TL;DR: probably just a misunderstanding. Let’s move this to chat if you still think further discussion is needed after my clarification.
To simplify, to me your statements seemed to convey the idea that “everyone tries to improve the map, but they are not always successful”. My take was more like “some people try to improve the map, and others to damage it (or promote their own agenda without regard how it affects the map). We should be nice to the people by default and presume the good faith, and thus not accuse people of wrongdoing unless/until there is enough evidence to prove it, at which time we should drop that assumption of good faith and react to repair and protect the map”.
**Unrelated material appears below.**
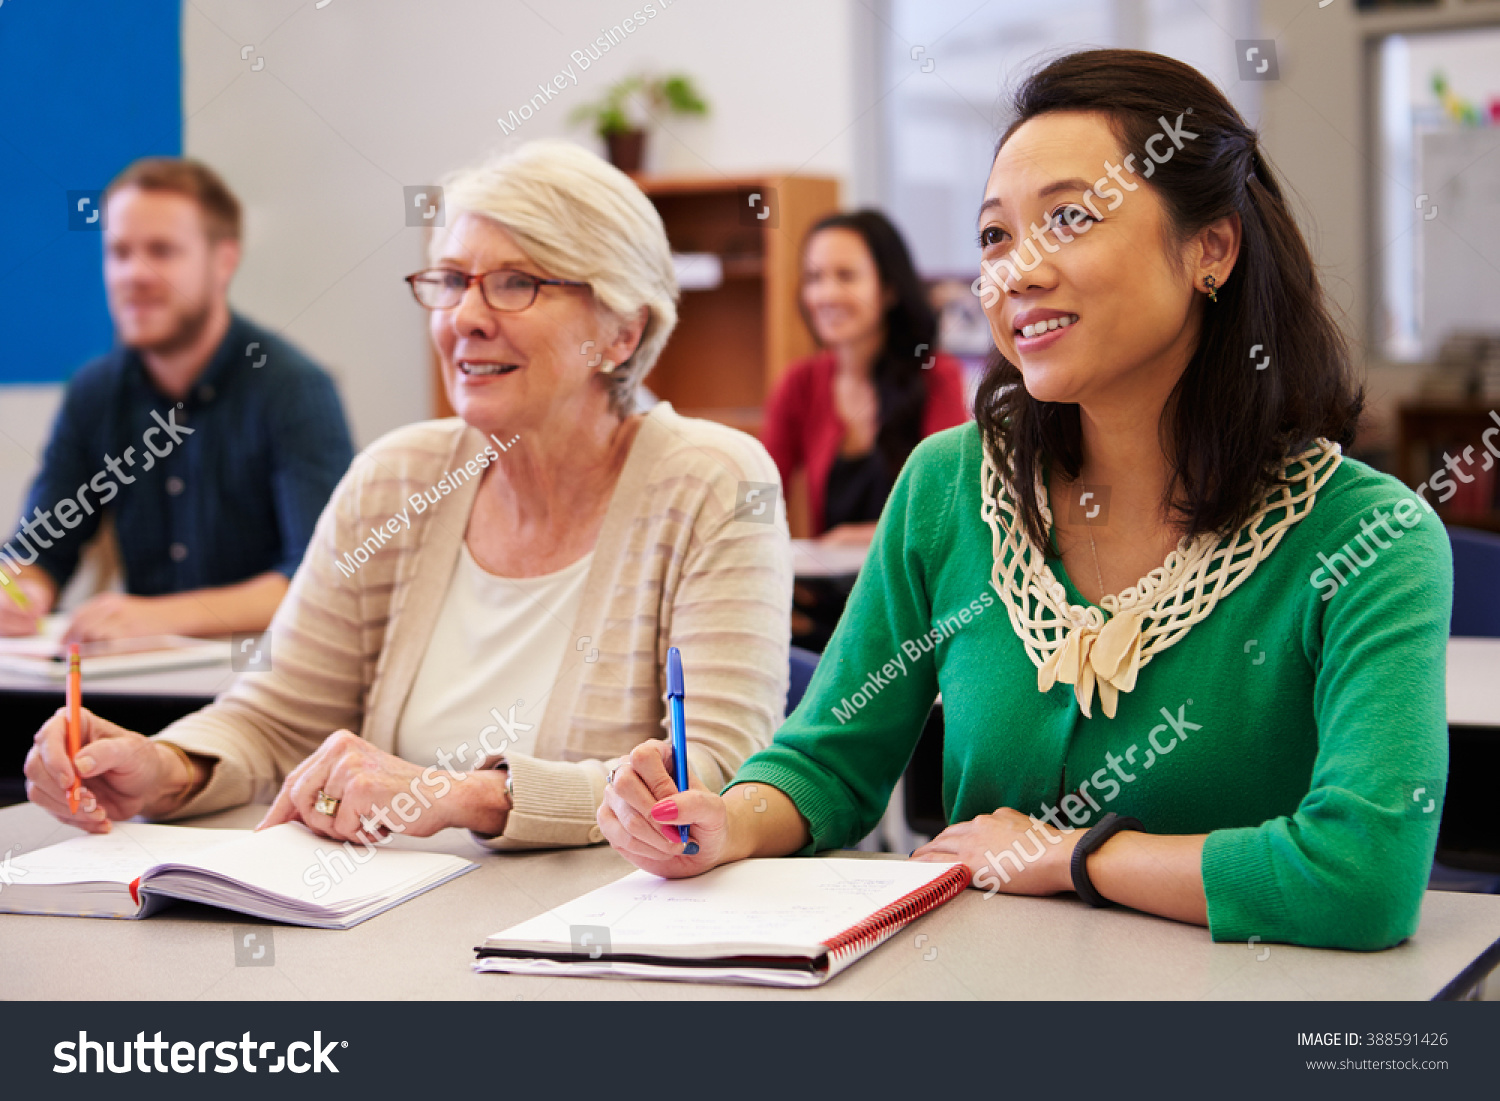 Two women sharing a desk at an adult education class look up #388591426

We are talking of orthogonal ideas, even if both are stemming from the same phrase “assume good faith”.
I disagree here. People intentionally ignoring the rules and going against community consensus to push their own agenda (e.g. that last example of mine) is IMHO providing enough evidence that is not done in good faith, even it they sincerely believe it will “improve the map” in the end. (Yeah, technically good faith would’ve been assumed at the beginning of their hypothetical post, but that assumption would’ve been disproved by the end of it).
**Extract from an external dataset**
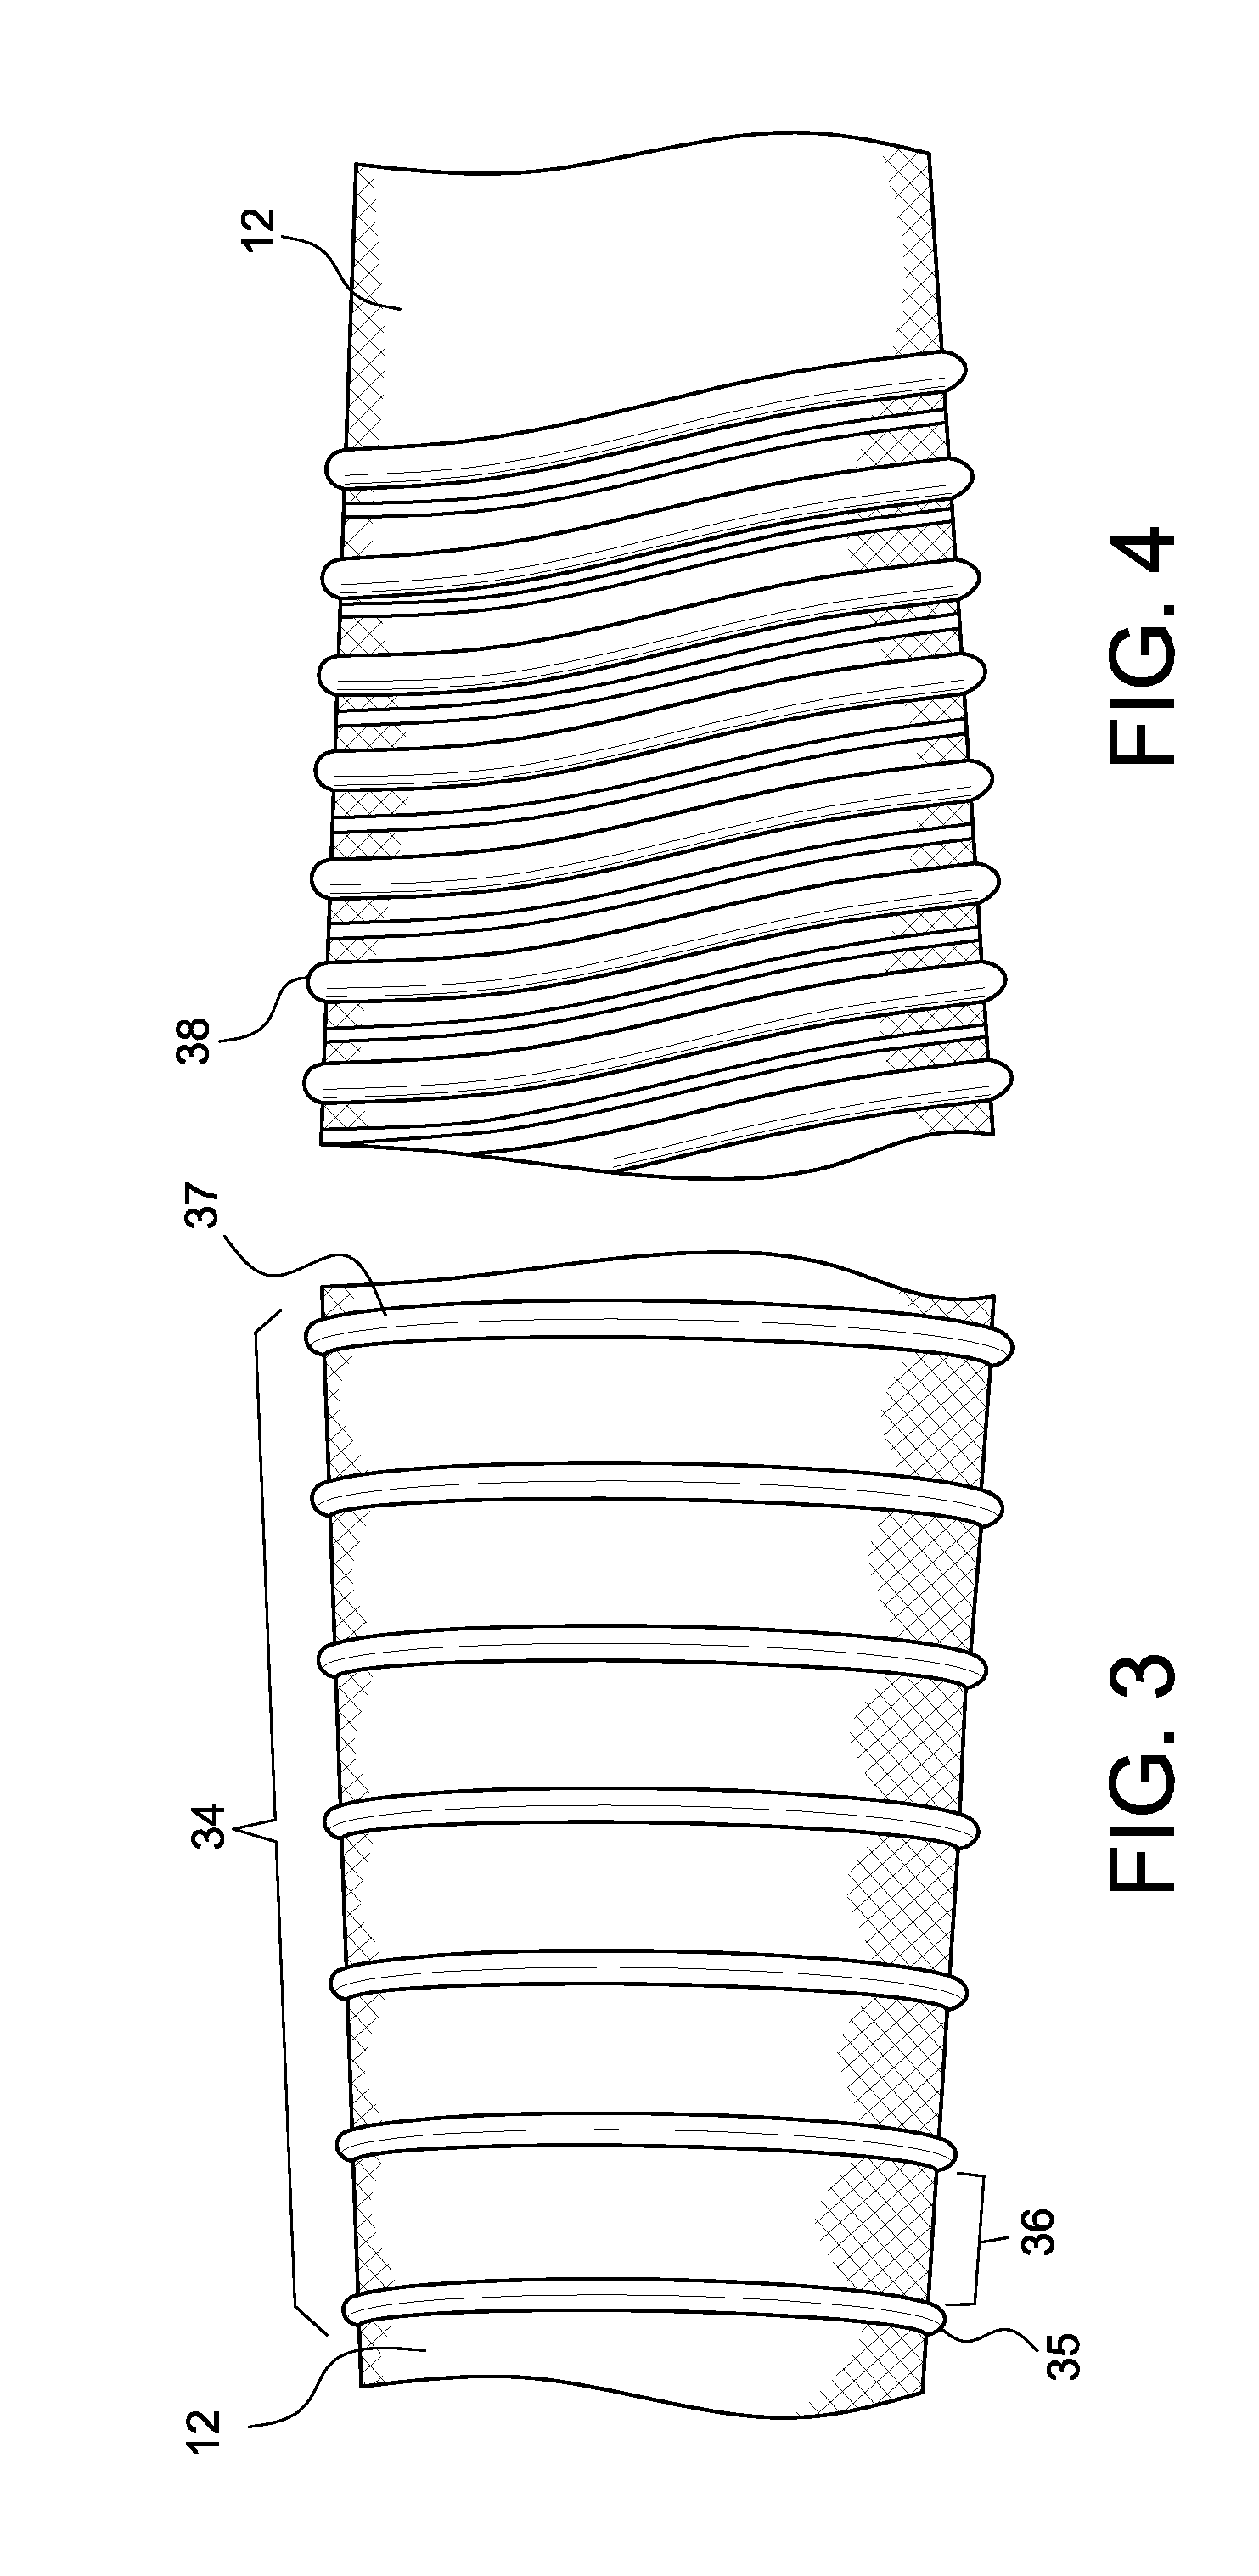 Adjustable seal system, seal component and method for using the same

e.g. people repeatedly edit-warring by changing the name
from Ukrainian to Russian and removing name:uk
in Ukraine might think they’re “doing the good thing” and “improving the map” (“Hey we’ve declared that region annexed as part of the Russia now, so now we decide what language may be spoken there, and if you dislike that, speak to this AK47”); yet I’d argue they would not be not acting in good faith in that case. YMMV.
Agreed. I guess it might be explained by that phrase using less then ideal words.
If it were “presume good faith” (i.e. “take for granted as being true in the absence of proof to the contrary”) instead of “assume good faith” (i.e. “To take for granted” - without further implied qualifiers) there would be much less potential for confusion / incorrect understanding. Wikipedia and OSM wiki work around that problem by explicitly noting in their longish articles under which conditions such assumptions may take place (and in which they may not) and thus clarity what they mean exactly, but those conditions/clarifications were missing from your post, so it got different meaning to me.
Looking your further clarifications from you it seems now that you meant to add those qualifiers i.e. parts in the parenthesis: “Assume good faith (but only until the evidence to the contrary becomes evident)”, but forgot to do it (or assumed everyone would also assume existence of some unknown set of unstated conditions as you did).
Yes, in that quote which it replied to seemed to me to imply so - I’ve understood you meant that “you can assume good faith always when AI is used to make automated or semi-automated edits” and not “you can assume good faith only until such time that assumption becomes suspect - which might be quite often” (which is what I meant).
The meaning of those two sentences is (hopefully evidently) quite different.